==== Provided material
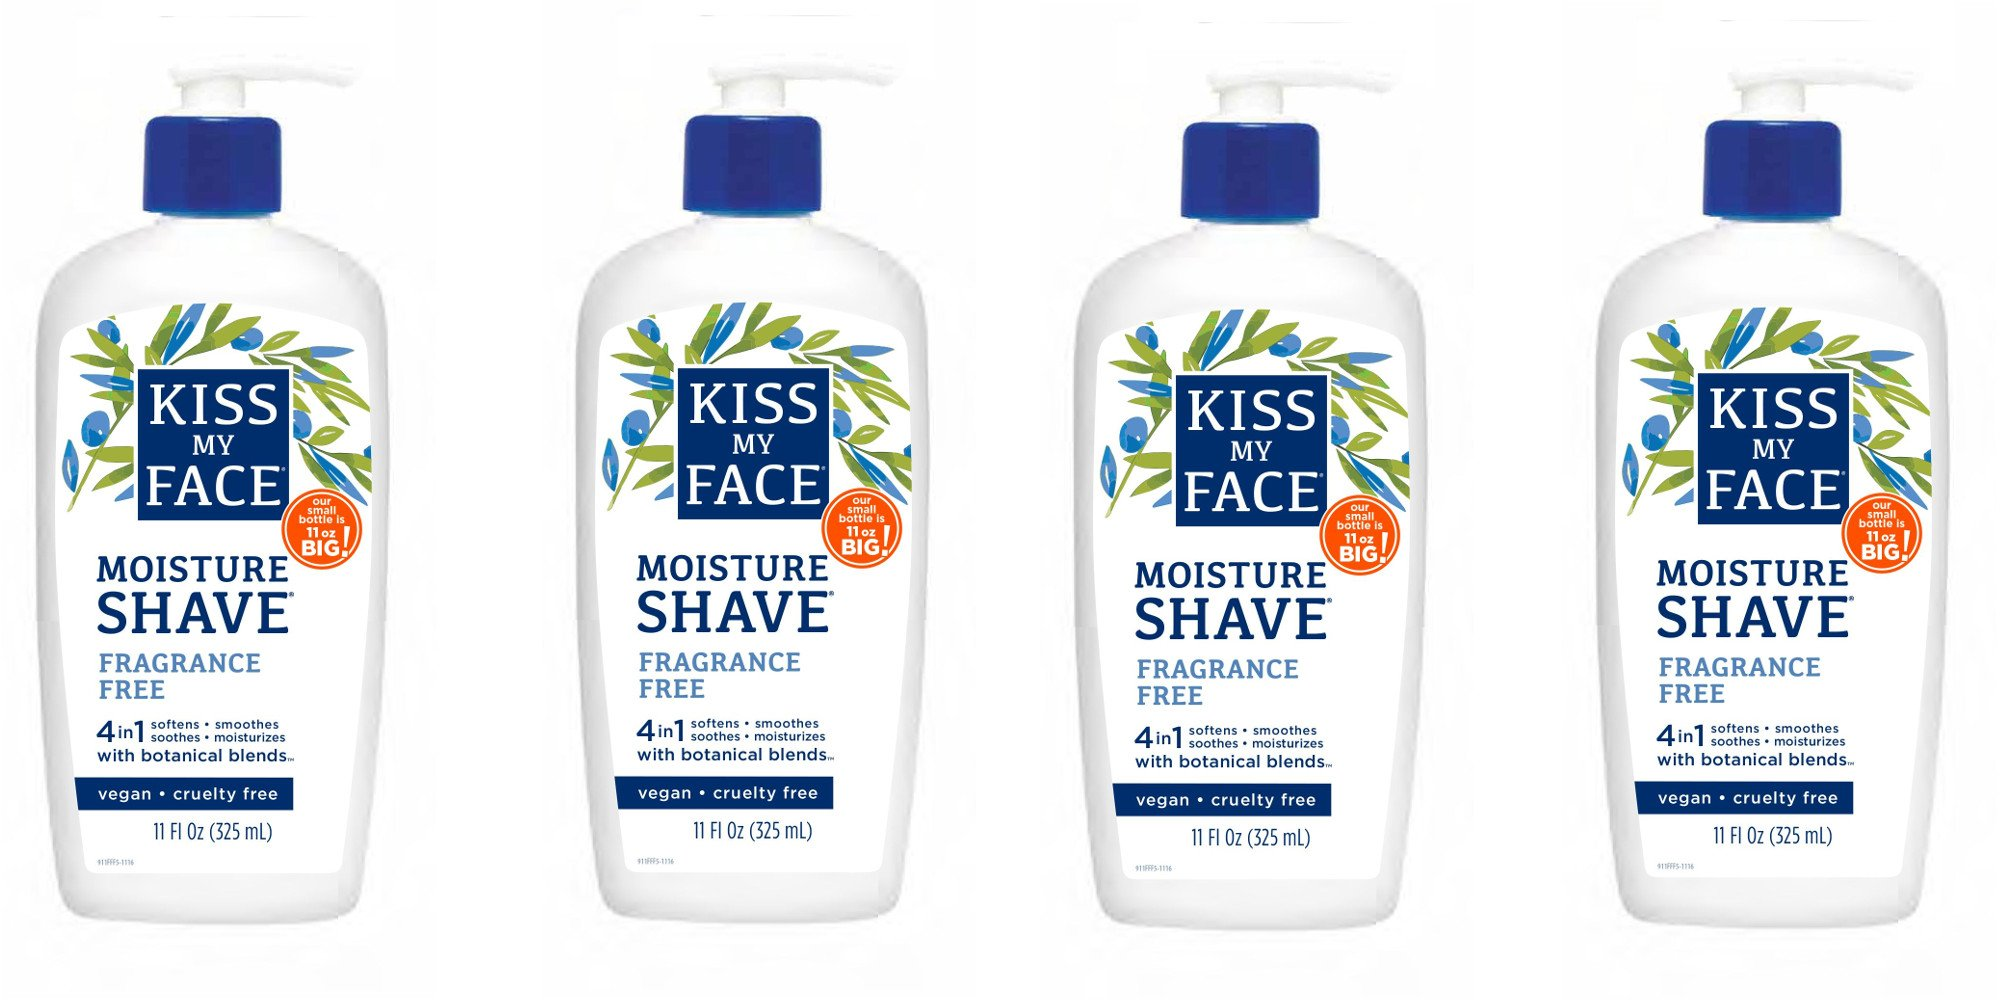 Kiss My Face Moisture Shave Shaving Cream, Olive and Aloe Fragrance Free Shaving Soap for Sensitive Skin, 11 oz Pumps (Pack of 4)
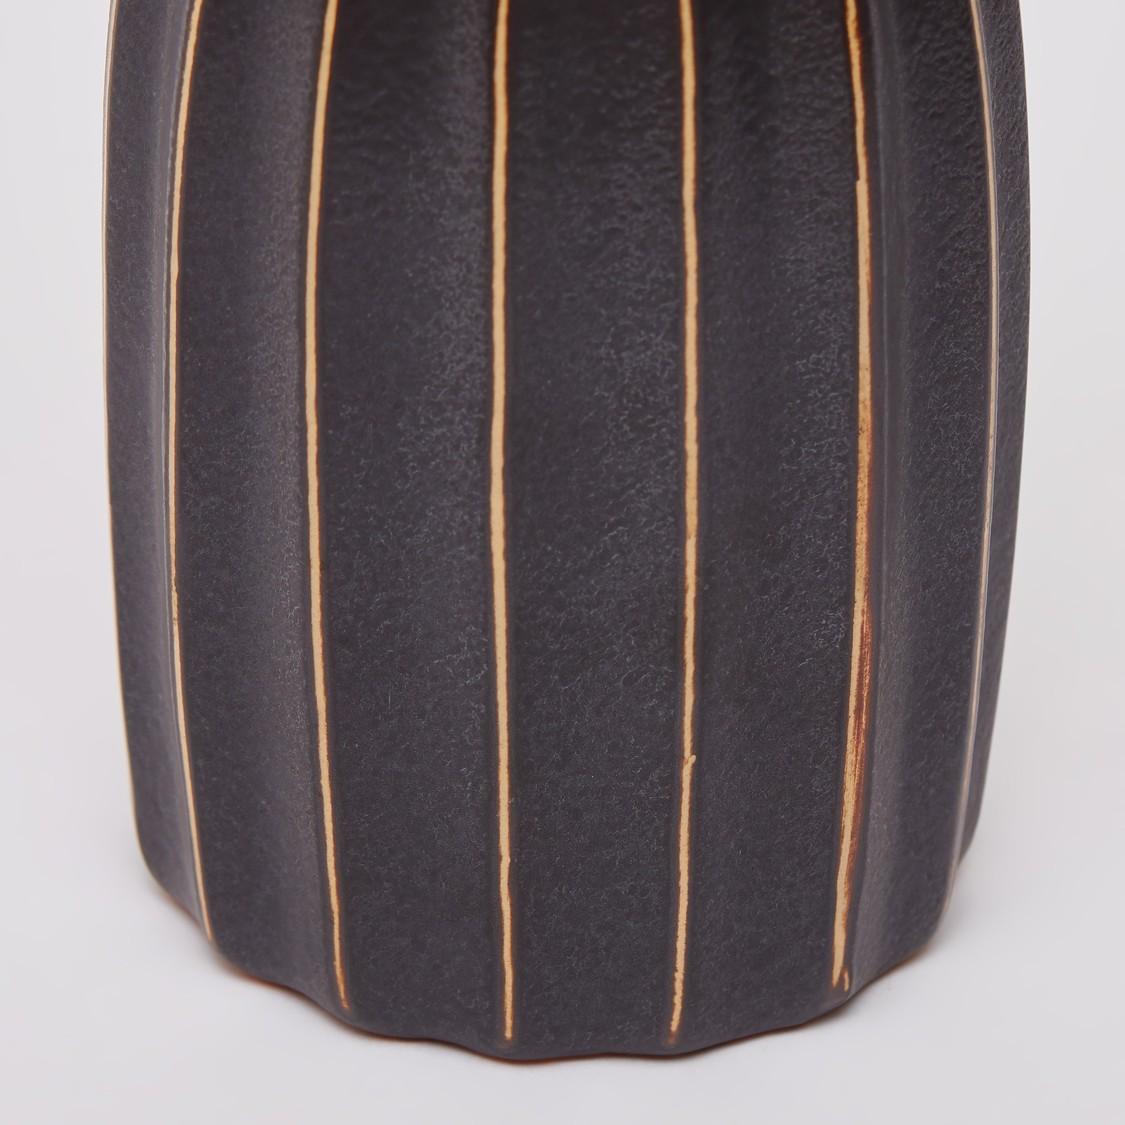 Stripe Detail Decorative Vase - 30x12 cms
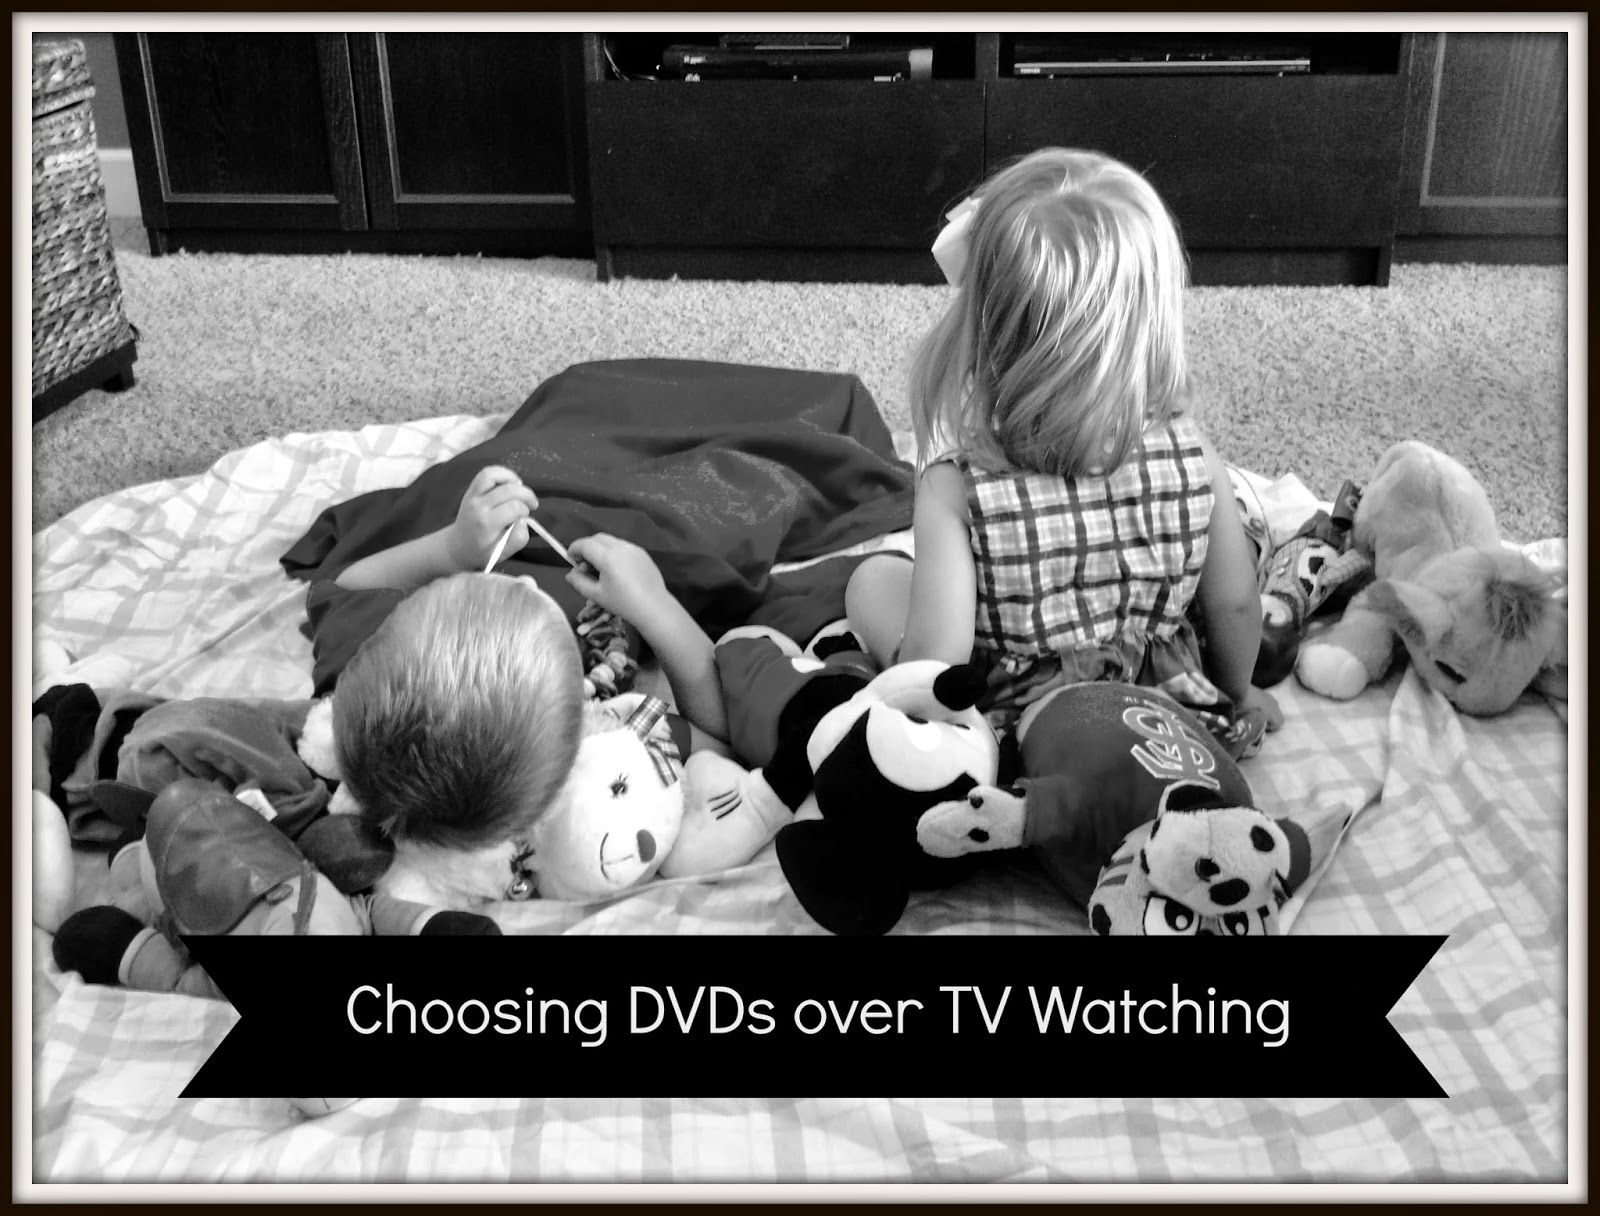 DVDS over TV
========
* Problem to solve: Your answer must be the lines from the line containing "Stripe Detail Decorative Vase - 30x12 cms" through the final line of the data, written out exactly, both ends included and pictures left out.

* Solution to the exercise:
 Stripe Detail Decorative Vase - 30x12 cms
 DVDS over TV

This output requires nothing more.